The temps with this front will warm up as they pass over the Lakes.
I predict most of the precept to fall as rain or freezing rain over night..
Possible Salt event , maybe...

The next front is too warm also.
That is fine for right now at least we are in a wet pattern. The temps will fall this month. 
We should have plowable snow by thanksgiving.

Hey, why not give a prediction?
The weather people can and their wrong . And they get to keep their jobs....


----------



## RBRONKEMA GHTFD (Dec 17, 2006)

BRING IT!wesport


----------



## lawncare18 (Nov 30, 2005)

Next week could be a 2 foot plus lake snows.. those lakes are very very very warm.. gona be bad when it comes.. still leaves on the trees gona take some guys by shock i think.. half to wate and see but by this time next friday i have a feeling plows will be runing like crazy


----------



## SnoFarmer (Oct 15, 2004)

lawncare18;422354 said:


> Next week could be a 2 foot plus lake snows.. those lakes are very very very warm.. gona be bad when it comes.. still leaves on the trees gona take some guys by shock i think.. half to wate and see but by this time next friday i have a feeling plows will be runing like crazy


 Dream big or don't dream at all.:waving: lol


----------



## SnowNinja (Oct 29, 2007)

We saw a small amount of wet snow on Sunday morning but not enough to stick. I need a bit of time to prep my trucks, get my salter reinstalled and stake out my properties, firm up a couple of contracts and decide on another small snow contract a little bit out of my way. The general feeling is big amounts of snow up here. We had a hot, superdry, summer and a warm fall. The big bodys of water are warmer than usual and lately it has been wet, once the temp dips, look out or you'll get caught. tymusic 

2005 gmc 6500, cat diesel, allison tranny
10 ft monroe 4 yd 86/11 blizzard high boy


----------



## tls22 (Sep 30, 2007)

its coming boys.....middle of next week.....someone is going to see 6+ from the lake effect.......east coast it will be cold for our fall clean-ups. Winter is coming


----------



## dmax08 (Aug 16, 2007)

Still to early to tell. but if it does it will have to snow like hell to stick because the ground is very warm yet.. but if it does come .. we will just deal with it.


----------



## Brian Young (Aug 13, 2005)

I heard it for myself today...."rain changing to snow for Tues,Wed,Thurs,Fri." Who knows. I finally found 3 decent guys to plow so it wont snow at all yet. Now if I were still looking....we would be the guys getting the 6" or so.

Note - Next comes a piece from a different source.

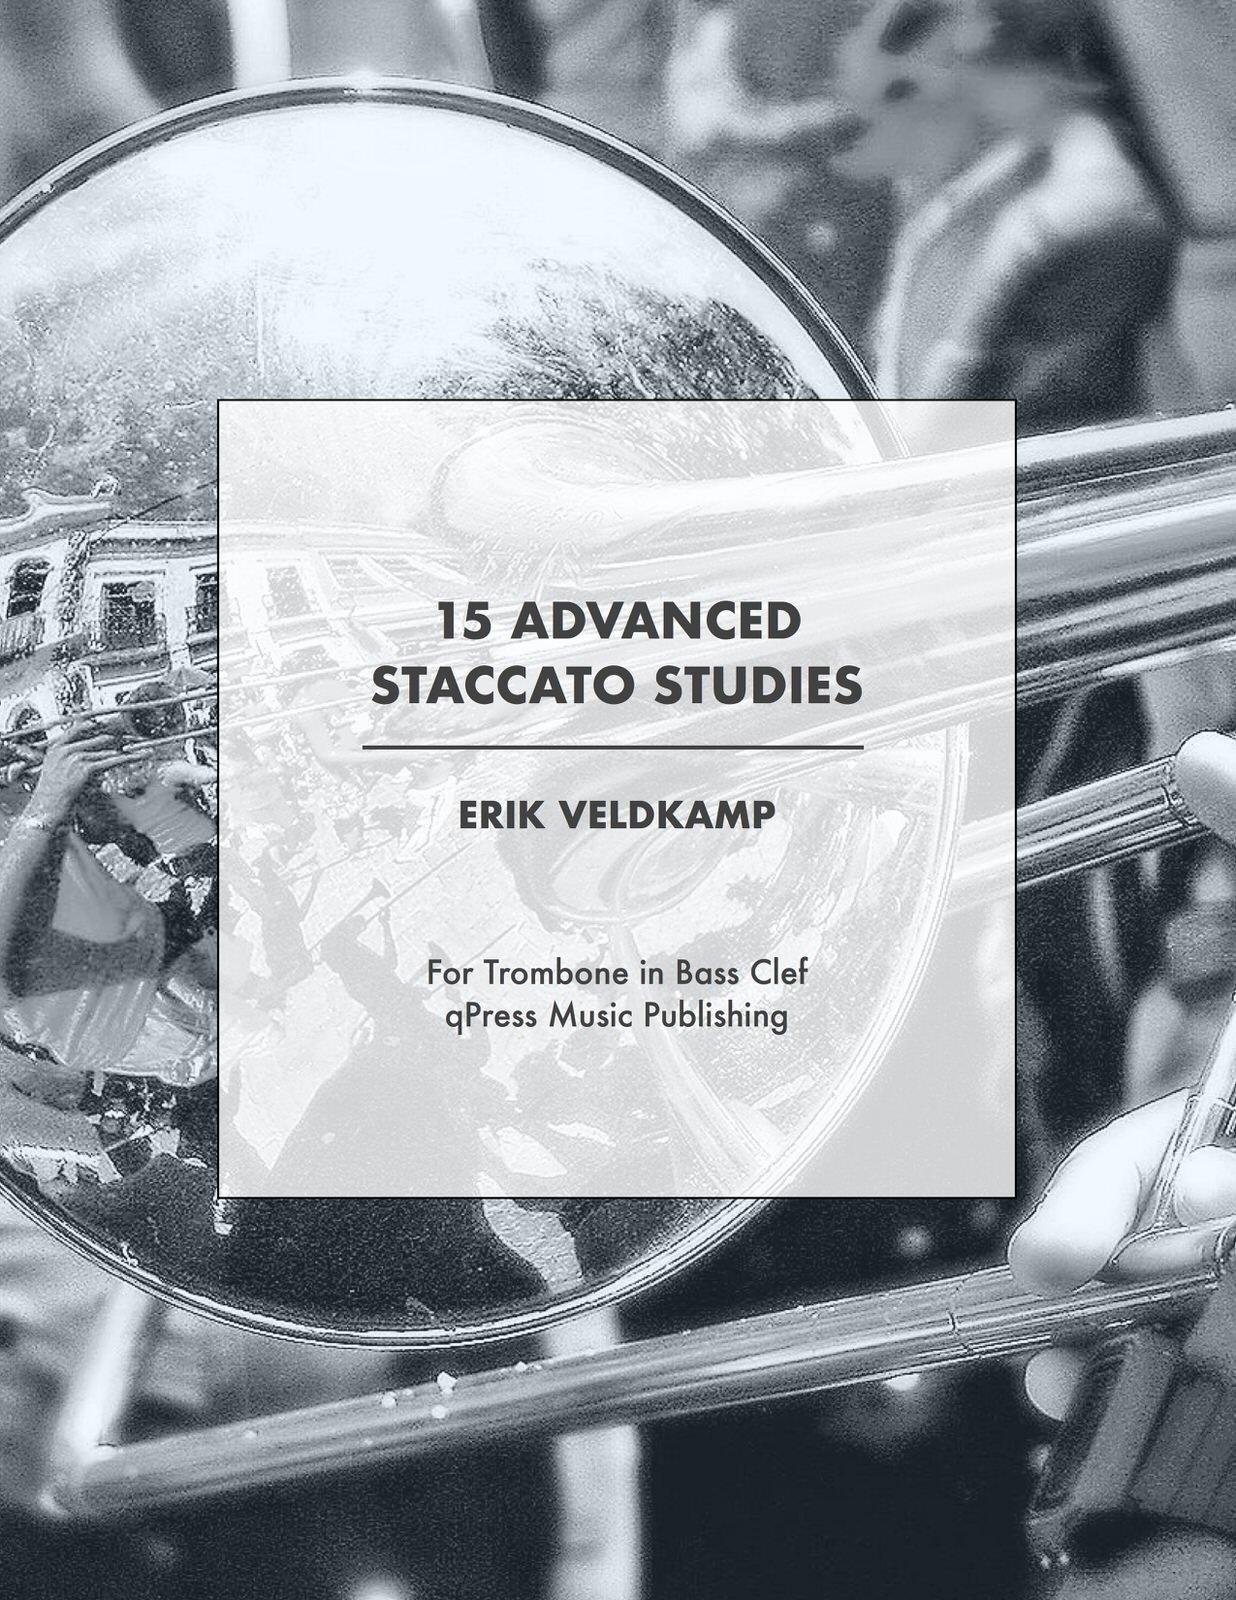 15 Advanced Staccato Studies for Trombone-p01

Finally got my stakes now just have to put a little paint on them and pound'em in. I still am not getting my hope's up, then it just pisses me off when it doesnt snow.


----------



## MIDTOWNPC (Feb 17, 2007)

my "season" is technically in effect Nov 1. Id love to be out spreding salt cause its freezing rain.. Then the phone will ring for all those contracts that are out and not signed. Plow is not ready, need a good few hours. Tornado is ready to go however.


----------



## EPS (Sep 17, 2007)

*lake effect*

Im ready for the lake effect snow. My contracts start Nov.15 bring on the snow cuz anything before that = extra payup


----------



## kandklandscape0 (Sep 9, 2007)

i like brian youngs answer, tue wed thur friday, im in nw pa to sounds good!


----------



## EPS (Sep 17, 2007)

*lake effect*

I am afraid to say I dont believe the snow this week will amount to anything that is plowable.:crying:


----------



## kandklandscape0 (Sep 9, 2007)

agree, although the ground is starting to freeze just a LITTLE around here, nothing to big yet, so it deff wont lay for long if at all


----------



## LordOfTheSith (Jan 2, 2006)

EPS;423981 said:


> I am afraid to say I dont believe the snow this week will amount to anything that is plowable.:crying:


If it comes it comes, if it doesn't.....:crying: ....ah well, you and I both know the weather here in Syracuse can change on a dime!


----------



## timlb703 (Oct 18, 2007)

Pavement Temps?????


----------



## 4x4Farmer (Sep 22, 2006)

i couldent belive my eyes, I was just looking around on the national weather service page and this is what I found!! At least someone is getting a good start.
http://www.crh.noaa.gov/mqt/


----------



## Clapper&Company (Jan 4, 2005)

I was just going to say something about it before you did lol

Looks like the tip of NE ohio could see 2-3" also


----------



## lawnsrusinc. (Nov 30, 2003)

I read up with the winter predictions for my area (midwest) and they are saying that we are going to have a above average percipitation winter i dont know how much we can believe all this but ahh i will hope.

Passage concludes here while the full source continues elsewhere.